When collecting results on a search query over a specific date range with ~7,500 anticipated results (estimated using REST API in R), I got an error indicating I exceeded rate limits:
(Note: my dashboard, after this error, indicates I have 220 remaining requests for my monthly period)
retrying request; current status code: 429
retrying request; current status code: 429
retrying request; current status code: 429
HTTP Error code: 429: Exceeded rate limit
Rule payload: {'query': 'crispr', 'maxResults': 100, 'toDate': '201807080000', 'fromDate': '201807010000', 'next': '[removed for brevity on forum]'}
Traceback (most recent call last):
File "twitter-mining.py", line 155, in <module>
main()
File "twitter-mining.py", line 127, in main
result_stream_args=premium_search_args) #these 'args' are authentication/config from load_credentials()
File "C:\Python\Python36-32\lib\site-packages\searchtweets\result_stream.py", line 301, in collect_results
return list(rs.stream())
File "C:\Python\Python36-32\lib\site-packages\searchtweets\result_stream.py", line 216, in stream
self.execute_request()
File "C:\Python\Python36-32\lib\site-packages\searchtweets\result_stream.py", line 253, in execute_request
rule_payload=self.rule_payload)
File "C:\Python\Python36-32\lib\site-packages\searchtweets\result_stream.py", line 101, in retried_func
raise requests.exceptions.HTTPError
requests.exceptions.HTTPError
My understanding from the above is that I made too many requests, too quickly, and exceeded the rate limits — I’ve searched the forums, how can I ‘slow down my code’ when using the searchtweets library? The library doesn’t handle rate limit pacing?

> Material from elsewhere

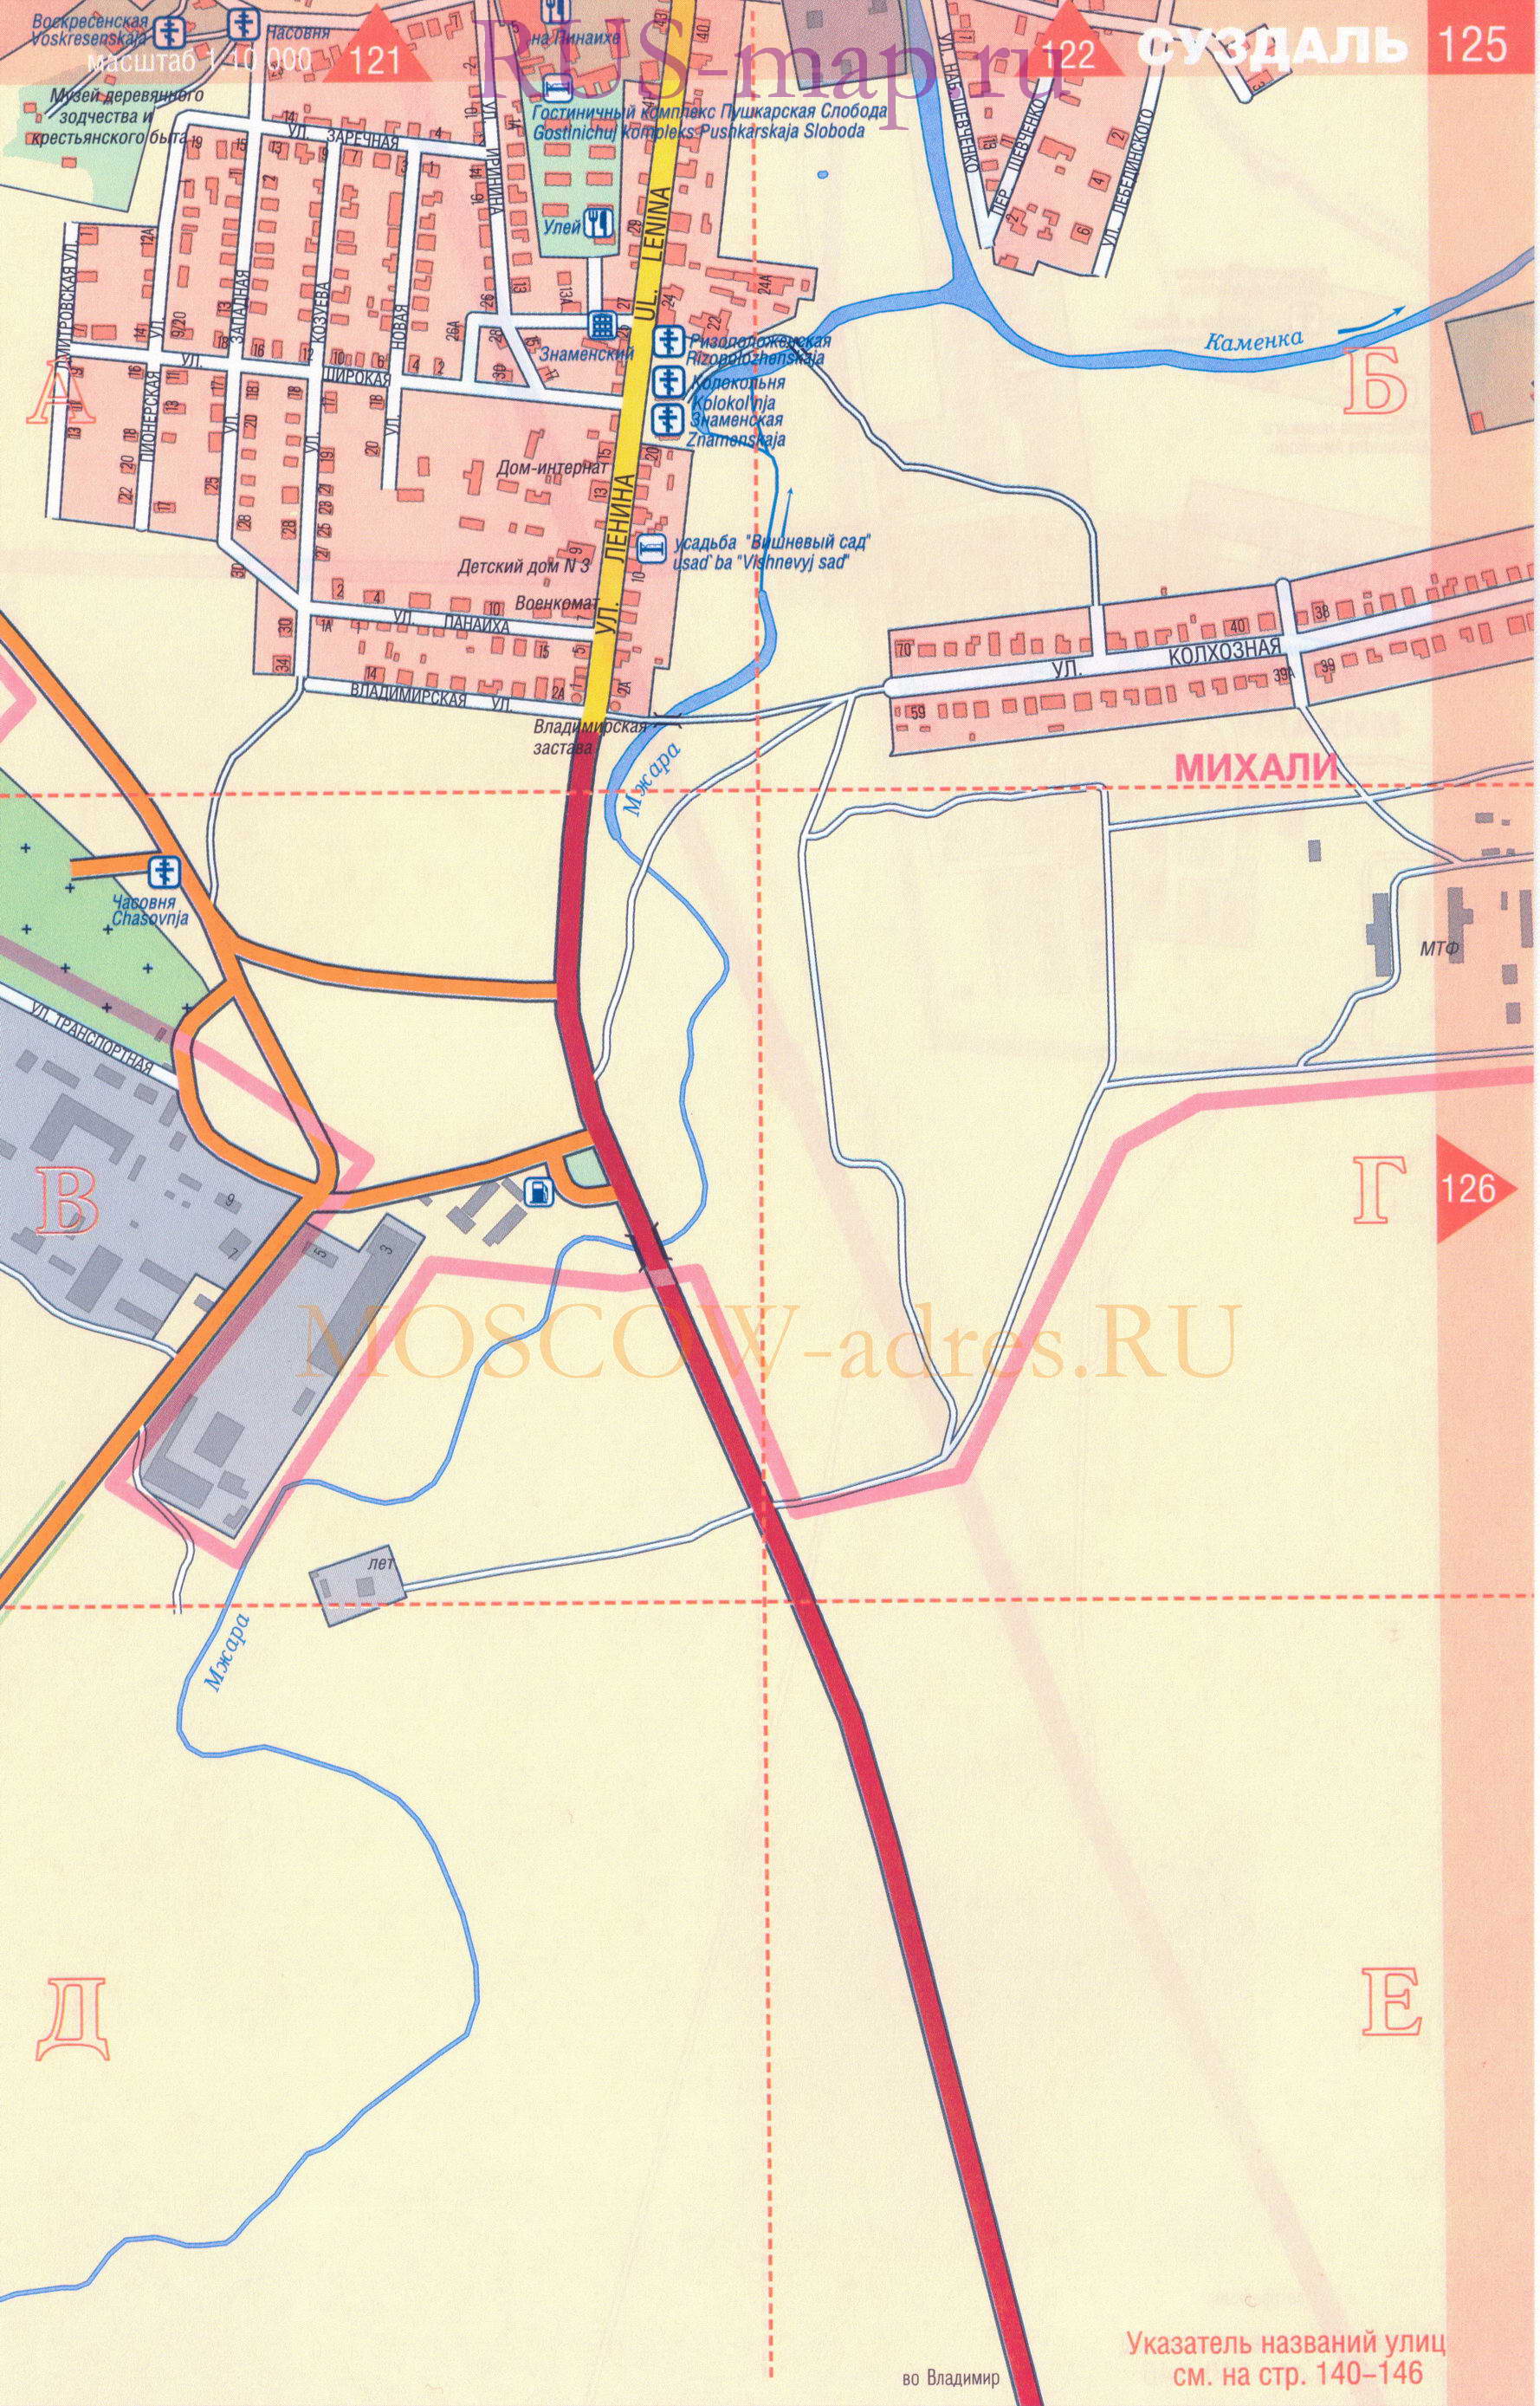 Суздаль. Крупномасштабная карта города Суздаль масштаба 1см:100м, показаны все церкви, музеи, гостиницы, B2 -

I am collecting results in a for loop, using:
#build search rule, gen_rule_payload() and collect_results() are from Twitter's library
rule = gen_rule_payload(term, from_date=since, to_date=until, results_per_call=results_percall) #results_percall set to 100 to respect Sandbox limit
#collect results, tweets will be a list of tweet JSON objects
tweets = collect_results(rule,
max_results=totalresults, #set arbitrarily high to 900000
result_stream_args=premium_search_args) #these 'args' are authentication/config from load_credentials()
I’m a newbie in programming/python/APIs , and I understand I can slow down the iterations of my for loop, but it appears I exceeded the rate limits with a single call to collect_results().
Help is much appreciated! I need to figure out how to query the API responsibly (rate limits), and to save my data (e.g. whatever data was collected before the 429 error was of course not saved by the subsequent steps in my for loop , similar to this post) before I can upgrade to full Premium access and begin collecting data for our research.
Thanks!